E. Leroy Tolles has worked on the seismic design, testing, and retrofit of adobe buildings since the early 1980s, specializing in the structural design and construction of earthen and wood buildings. He received his doctorate from Stanford University in 1989, where his work focused on the seismic design and testing of adobe houses in developing countries. He has led multidisciplinary teams to review earthquake damage after the 1985 earthquake in Mexico, the 1989 Loma Prieta earthquake, and the 1994 Northridge earthquake. He was principal investigator for the Getty Conservation Institute’s Getty Seismic Adobe Project and has coauthored numerous publications on seismic engineering. He is principal for ELT & Associates, an engineering and architecture firm in northern California.

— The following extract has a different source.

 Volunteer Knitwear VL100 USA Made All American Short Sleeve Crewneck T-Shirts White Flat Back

Edna E. Kimbro is an architectural conservator and historian, specializing in research and preservation of Spanish and Mexican colonial architecture and material culture of early California. She studied architectural history at the University of California, Santa Cruz, and, in 1976, rehabilitated the last remaining adobe building of the Spanish Villa de Branciforte. Through the 1980s, she was involved in restoration of the Mission Santa Cruz for the California Department of Parks and Recreation. In 1989, she attended UNESCO’s International Centre for the Study of the Restoration and the Preservation of Cultural Property in Rome to study seismic protection of historic adobe buildings. In 1990, she became preservation specialist for the Getty Seismic Adobe Project. She is coauthor of a number of publications, and works as a project coordinator and preservation consultant for several historic sites in California.

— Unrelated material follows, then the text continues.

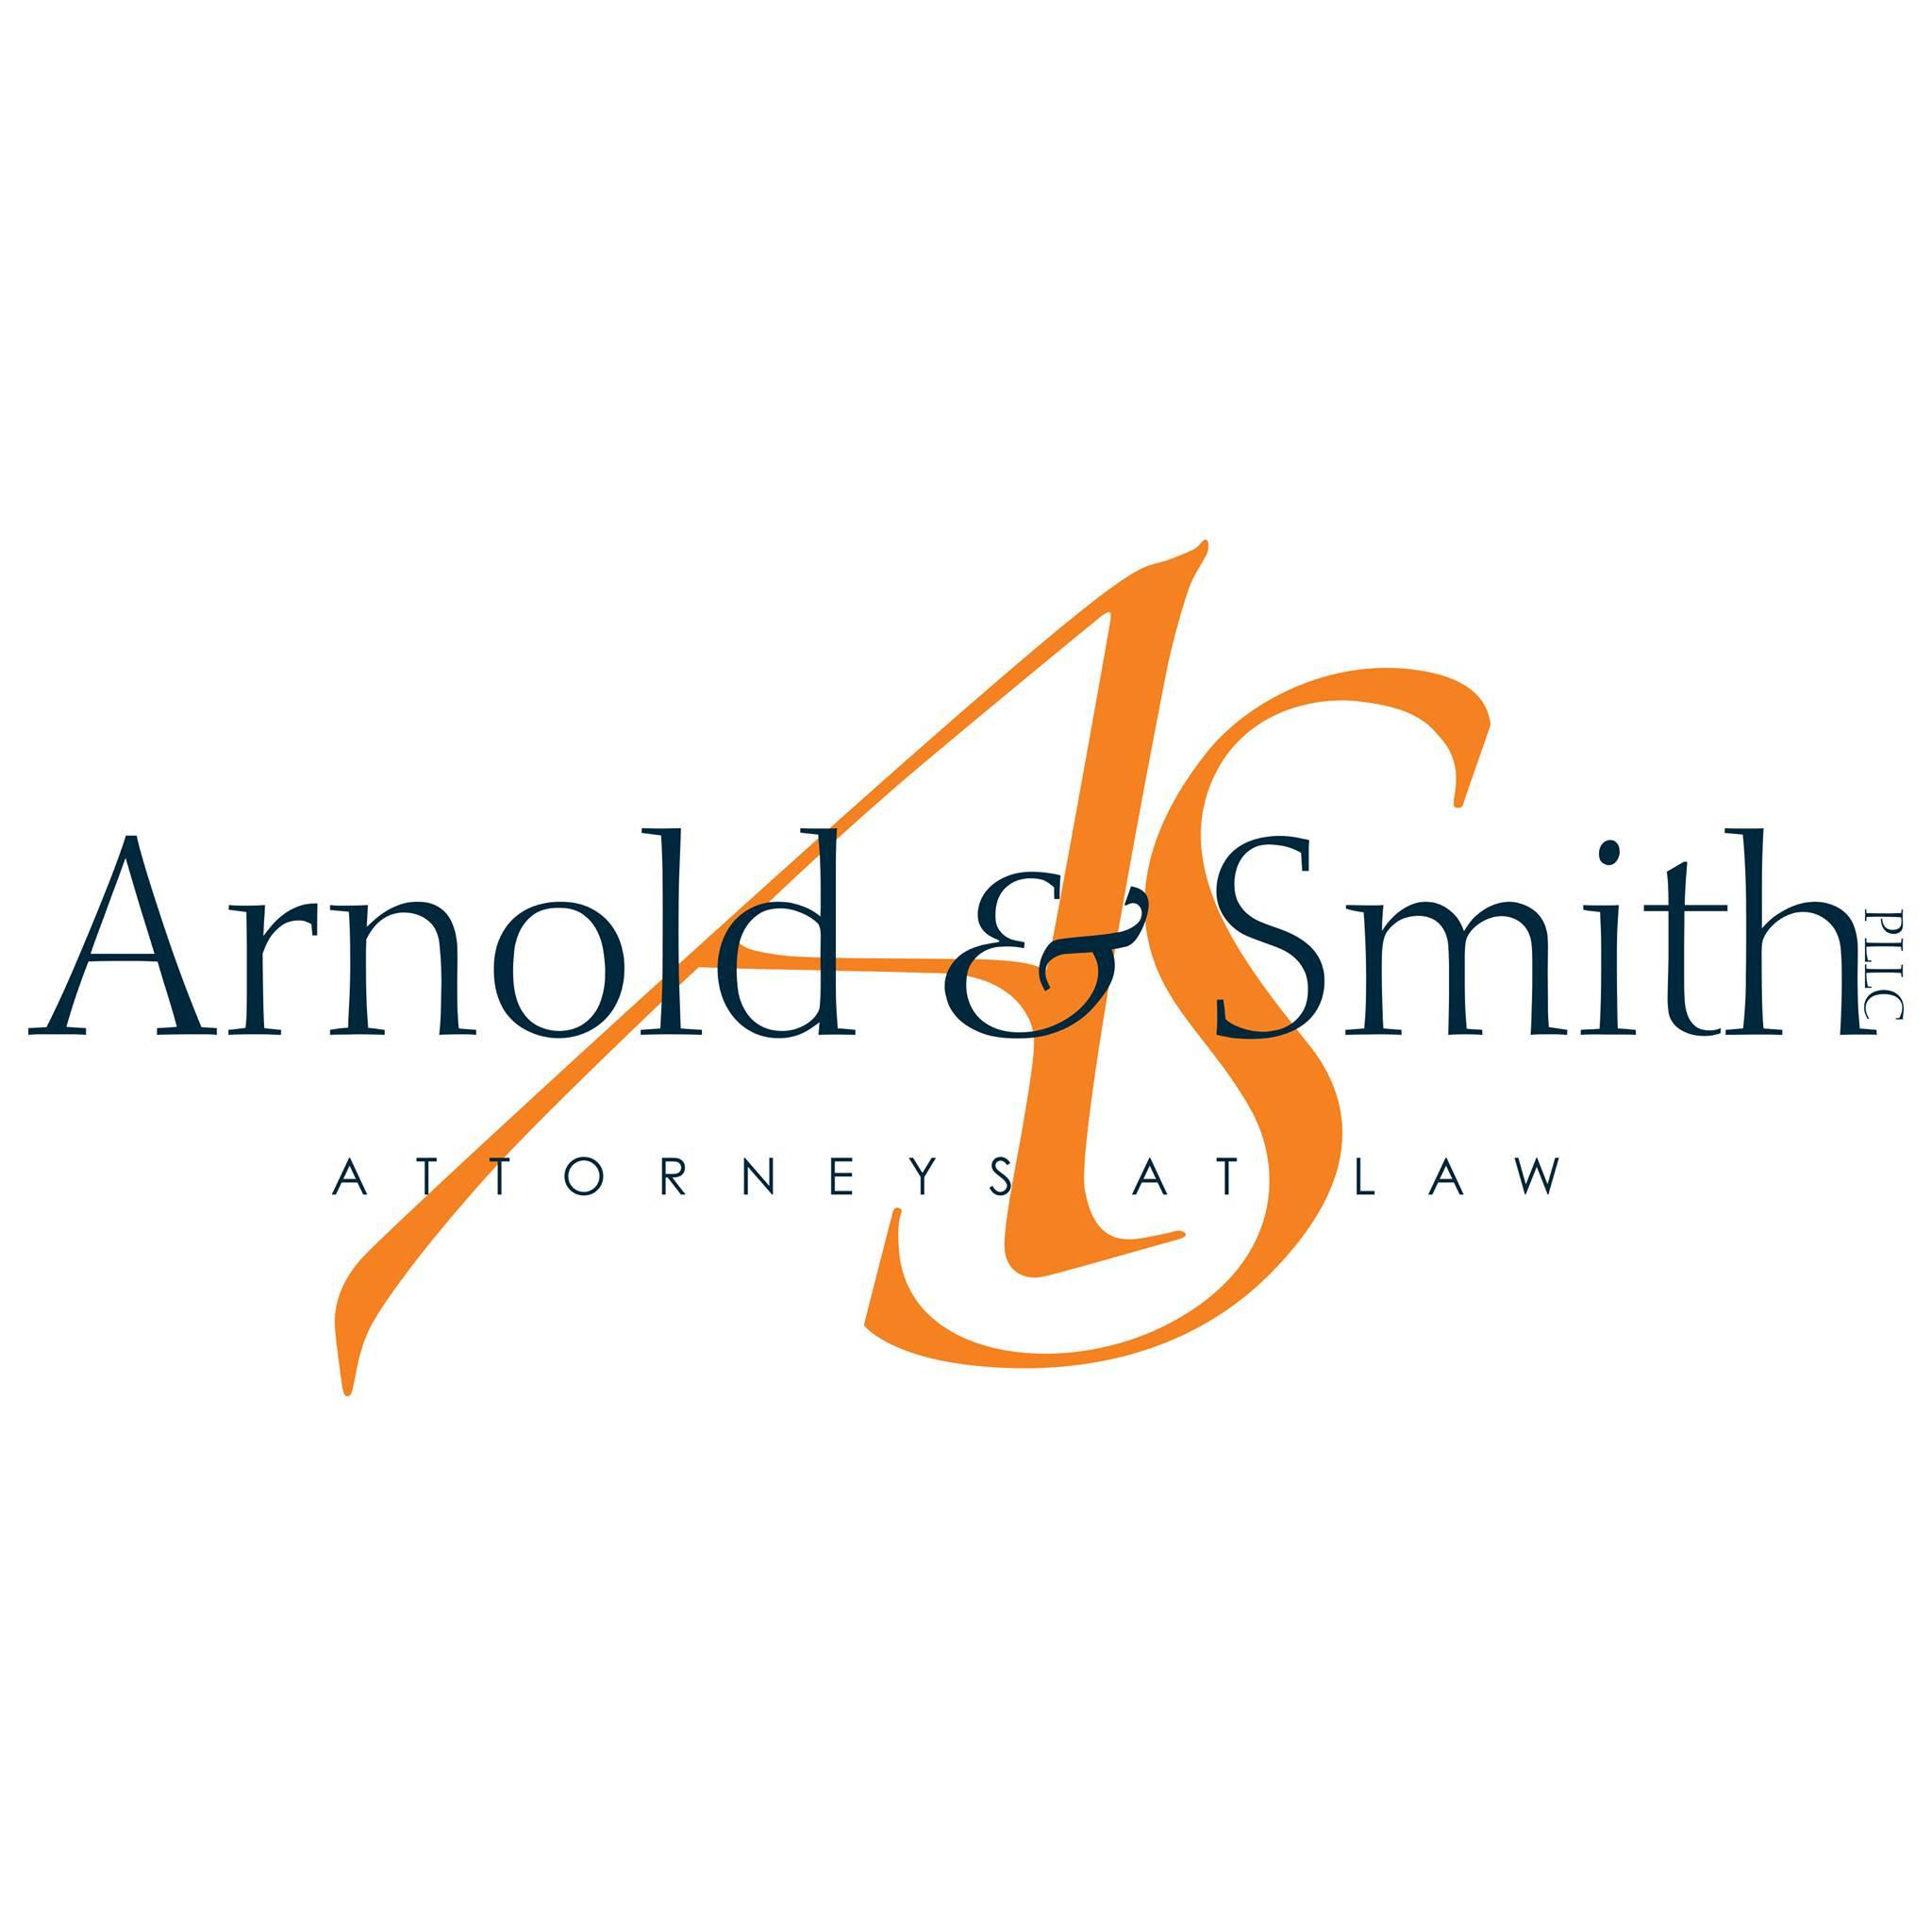 Arnold & Smith PLLC Arnold & Smith, PLLC Charlotte (704)370-2828

Frederick A. Webster is a civil/structural engineer, working in California, who specializes in design, repair, and retrofitting of historic buildings. Since the early 1980s, he has researched, tested, lectured on, and designed adobe and rammed-earth buildings. He has also designed seismic retrofits, upgrades, repairs, and rehabilitation for historic and older adobes throughout the state. As part of the Getty Conservation Institute’s earthquake reconnaissance team, he performed post-earthquake damage surveys of twenty historic adobes following the 1994 Northridge earthquake, and of historic and cultural property following more recent earthquakes in Costa Rica. He is currently responsible for the structural design of several adobe buildings to be constructed as part of a large winery complex in Santa Barbara County.
William S. Ginell is a materials scientist with extensive experience in industry. In 1943, after graduating from the Polytechnic Institute of Brooklyn with a bachelor’s degree in chemistry, he became part of the secret research team at Columbia University working to develop the atomic bomb. After the war, he went on to receive his Ph.D. in physical chemistry from the University of Wisconsin and spent nine years at the Brookhaven National Laboratory on Long Island, New York, followed by twenty-six years working for aerospace firms in California. In 1984, he joined the Getty Conservation Institute and helped design the laboratories at the GCI’s Marina del Rey facility. He is currently senior conservation research scientist at the GCI Los Angeles and was project director of the Getty Seismic Adobe Project.